9. After doing your radio show on Rock stations around the country, what's your take on current Rock music and Rock radio in general?
I wish I could say something that'd surprise you, but I'll say what's true and what people probably expect: I don't listen to a lot of current music, Rock or otherwise. I think there was a time when artists needed to be able to write, play and sing; and image and marketing played a supporting role. Today that seems turned on its head. There are surely modern bands that are the real deal, but I find there's a nearly limitless pool of stuff to dig in to from 30 to 40 years ago that better suits by tastes.
As far as Rock radio is concerned, I'd say its biggest liability is the same as most other radio formats: a fear of being different. I get it: The bottom line needs to be satisfied, and to do that you need to appeal to the greatest common denominator. It's just unfortunate that so many stations are unwilling to go very far out on a limb, when there are listeners hungry for something different. That probably sounds contrary coming from someone who produces a show devoted to a single band, and those statements would make me a hypocrite if all I played was "Money" and "Another Brick in the Wall." What I'm saying is, dig a little deeper. Hit us with something we don't expect every now and then. Make listening to the radio a little bit of an adventure again.
10. Finally, if you were stuck on a desert island, and you only had five Pink Floyd songs to listen to, what would they be and why?
Again, picking the favorite child thing! Okay, how about:
- "Time" ("The Dark Side of the Moon" ) -- Brilliant theme and lyrics, and an excellent percussion introduction.

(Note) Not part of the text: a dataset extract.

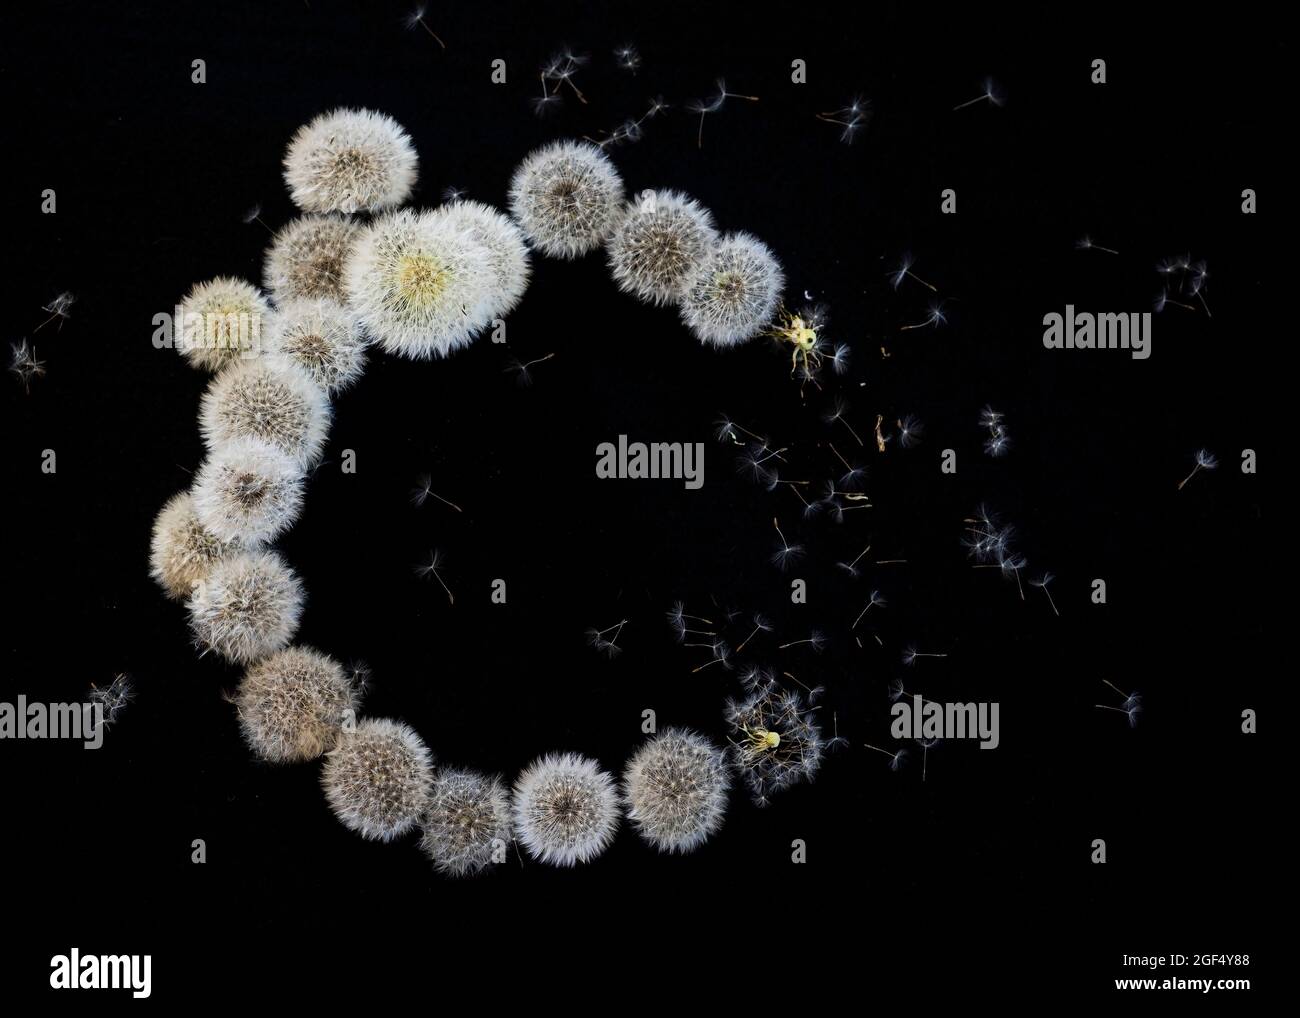 Crescent shape made of dandelion seed heads Stock Photo
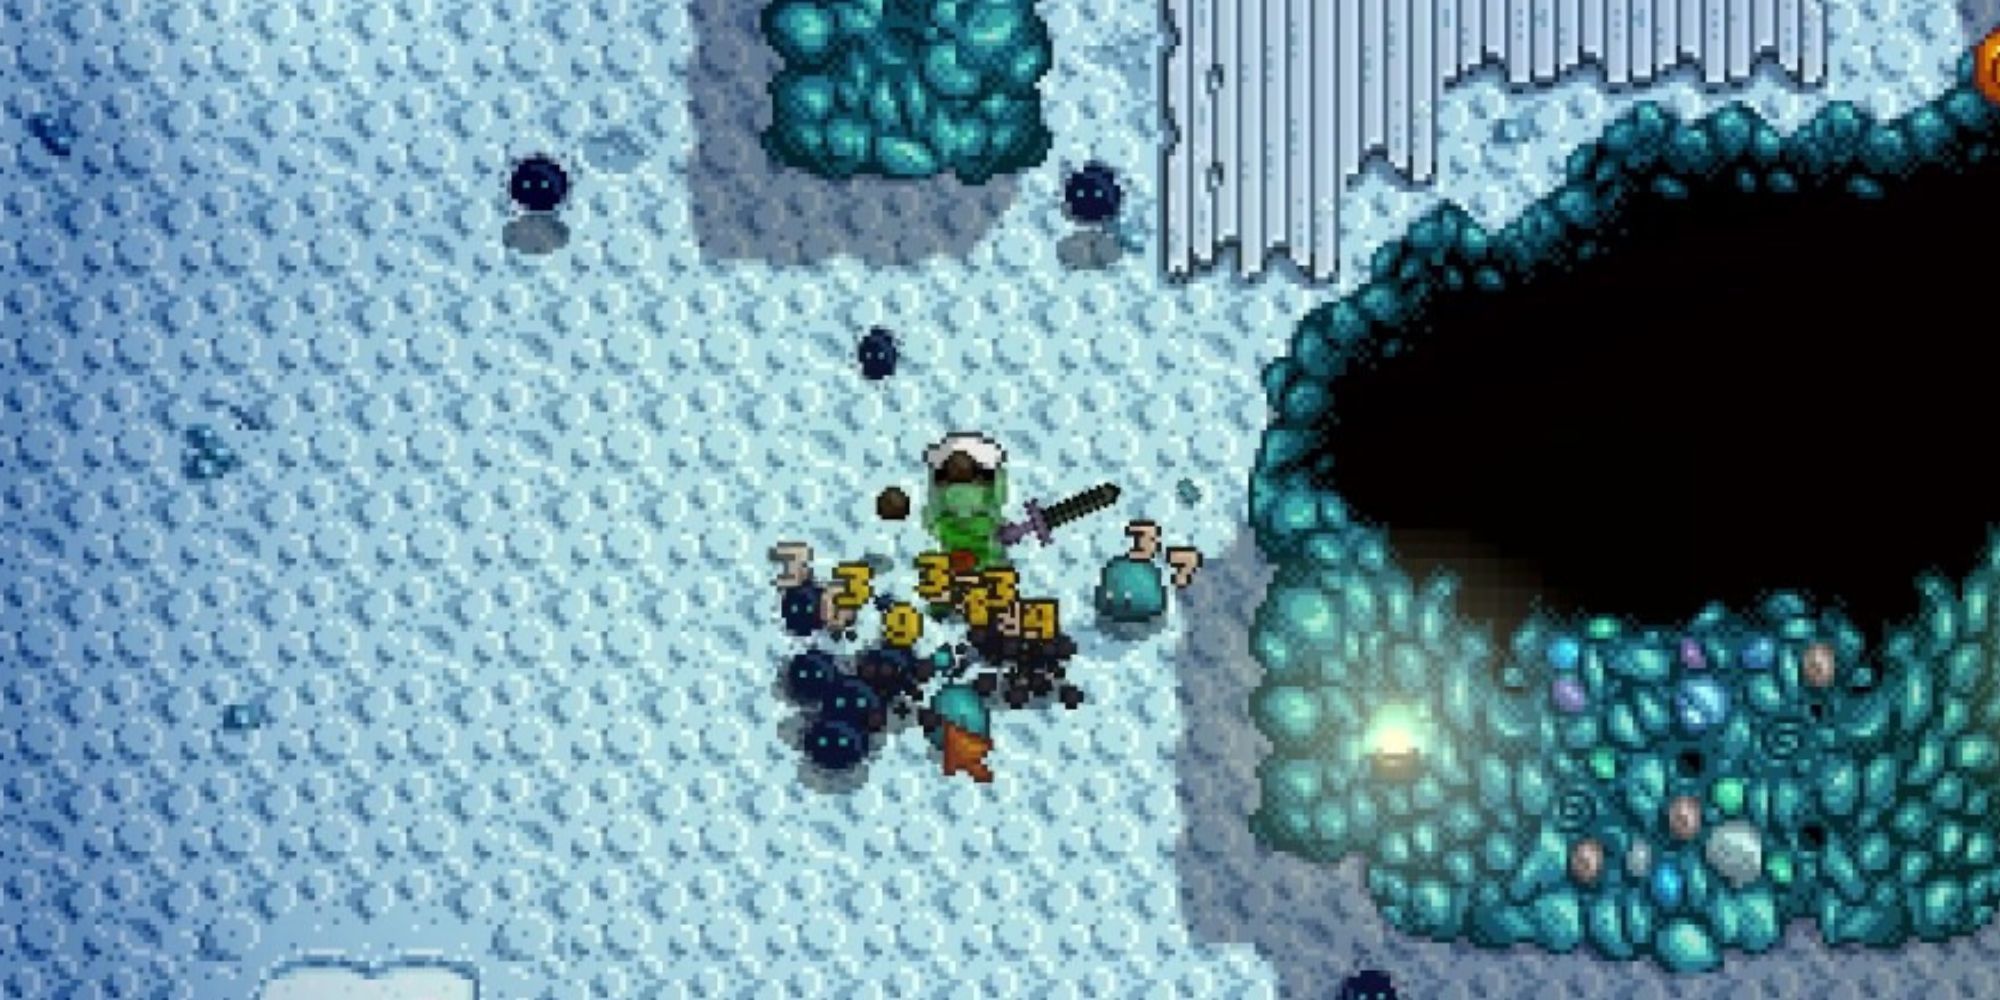 Dust Sprites Swarming the player in the frozen floors of the Mines

- "Us and Them" ("The Dark Side of the Moon" ) -- Haunting melody, and huge dynamics. Really moving.
- "Echoes" ("Meddle" ) -- I could pick this one on length alone: 23 minutes. You really get your money's worth out of it, and it contains a number of movements so it's really like several tunes in one.
- "Childhood's End" ("Obscured by Clouds" ) -- Great tune, unfamiliar to many. David's vocals are great, and the lyrics are deep, almost apocalyptic. Love the drumming, too.
- "Have a Cigar" ("Wish You Were Here" ) -- It's got a funky groove to it, which is unusual for Floyd. And you need a little funk.